Türkiye’nin ifade özgürlüğü ile bitmeyen imtihanını yazmaktan dilimde tüy bitti denebilir. Ceza yasasının ve Terörle Mücadele Yasası’nın hangi maddelerinin bu sorunlara yol açtığı konusu da, uygulamadan kaynaklanan meseleler de bilinmeyen şeyler değil. Gerek Adalet Bakanlığı ve gerekse üzerimizdeki ağır baskı nedeniyle Dışişleri Bakanlığı ve AB Bakanlığı bürokrasisi bunları gayet iyi biliyor. Türkiye’de ifade özgürlüğünü batıdaki seviyesine getirebilmek için yapılması gerekenlerin ne olduğu da sır değil.
Sır olan, bütün bu bilinenlerin neden yapılmadığı, hükümetin ve parlamentonun bu konuda neden harekete geçmediği.
‘Örgüt amaç ve hedefleri doğrultusunda...’
Türkiye, evet 30 yıldır kanlı bir ayrılıkçı terörün yaşandığı yer.

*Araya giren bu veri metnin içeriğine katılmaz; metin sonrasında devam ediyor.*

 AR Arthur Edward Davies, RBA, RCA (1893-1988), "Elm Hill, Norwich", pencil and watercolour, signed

Ülkemizde 70’li yıllardan beri terör var, can alıyor.
Bunlar doğru ama öte yandan aynı Türkiye, 35 binden fazla terör hükümlüsü veya yargılananıyla dünya rekorlarına sahip ülkenin de adı.
Bir noktada sormamız gerekiyor: Bizim neden bu kadar çok teröristimiz var acaba?

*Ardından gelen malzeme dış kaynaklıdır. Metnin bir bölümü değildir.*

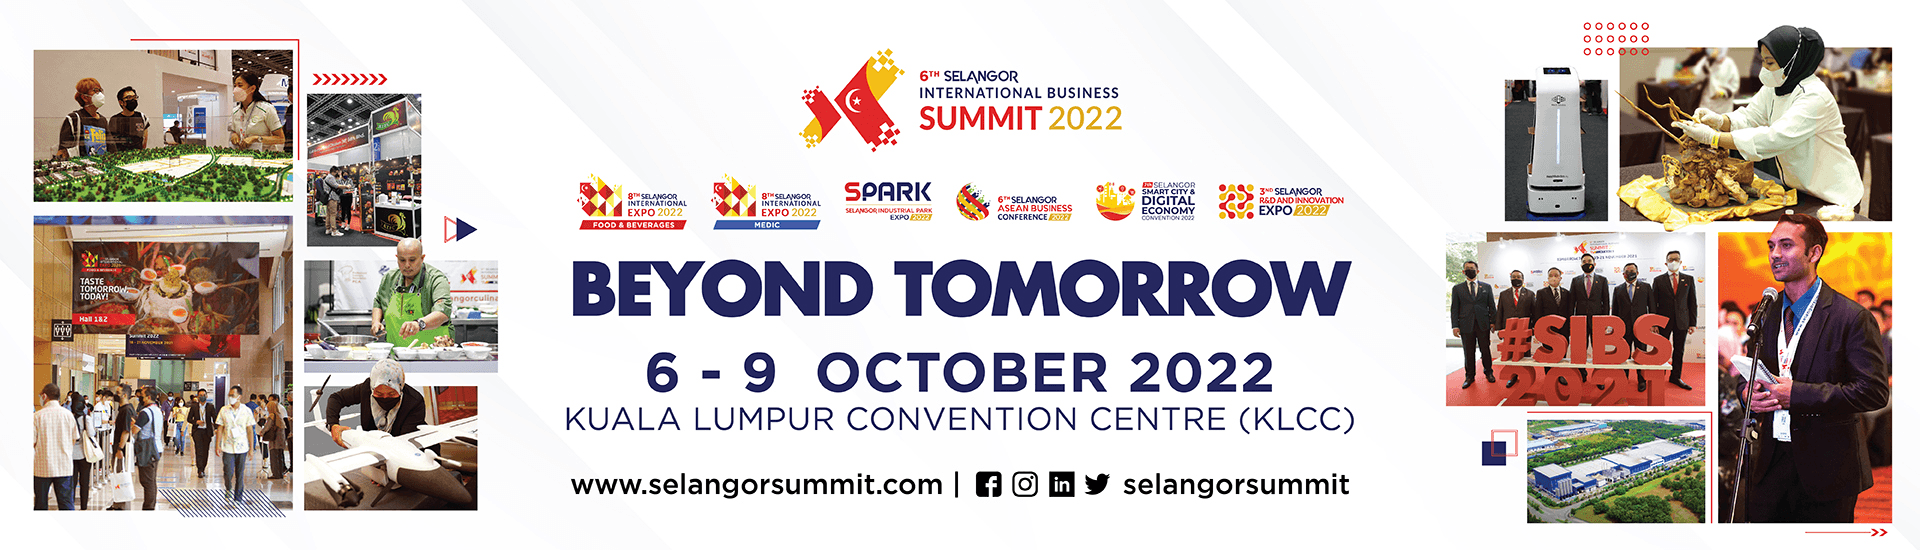 Selangor Summit 2022

Acaba hakkında herhangi bir eyleme katıldığına dair kanıt olmayan ama sadece ‘örgüt üyeliği’nden mahkumiyet alan veya tutuklu olarak yargılanan kaç kişi var?
Acaba herhangi bir eyleme katıldığına dair delil olmayan ama ‘Örgüt amaç ve hedefleri doğrultusunda propaganda yapmak’tan tutuklu yargılanan veya hüküm giymiş olan kaç kişi var?
Ve yine acaba, eline hiç silah almamış ama ‘örgüte yardım yataklık’tan tutuklu yargılanan veya hüküm giymiş kaç kişi var?
Göreceksiniz, 35 bini aşan ‘terörist’imizin çoğunluğu bu üç kategoriden insanlar.
Düşüncenin kendisini veya onu açıklamayı terör saymaya devam ettiğimiz müddetçe bu böyle olacak.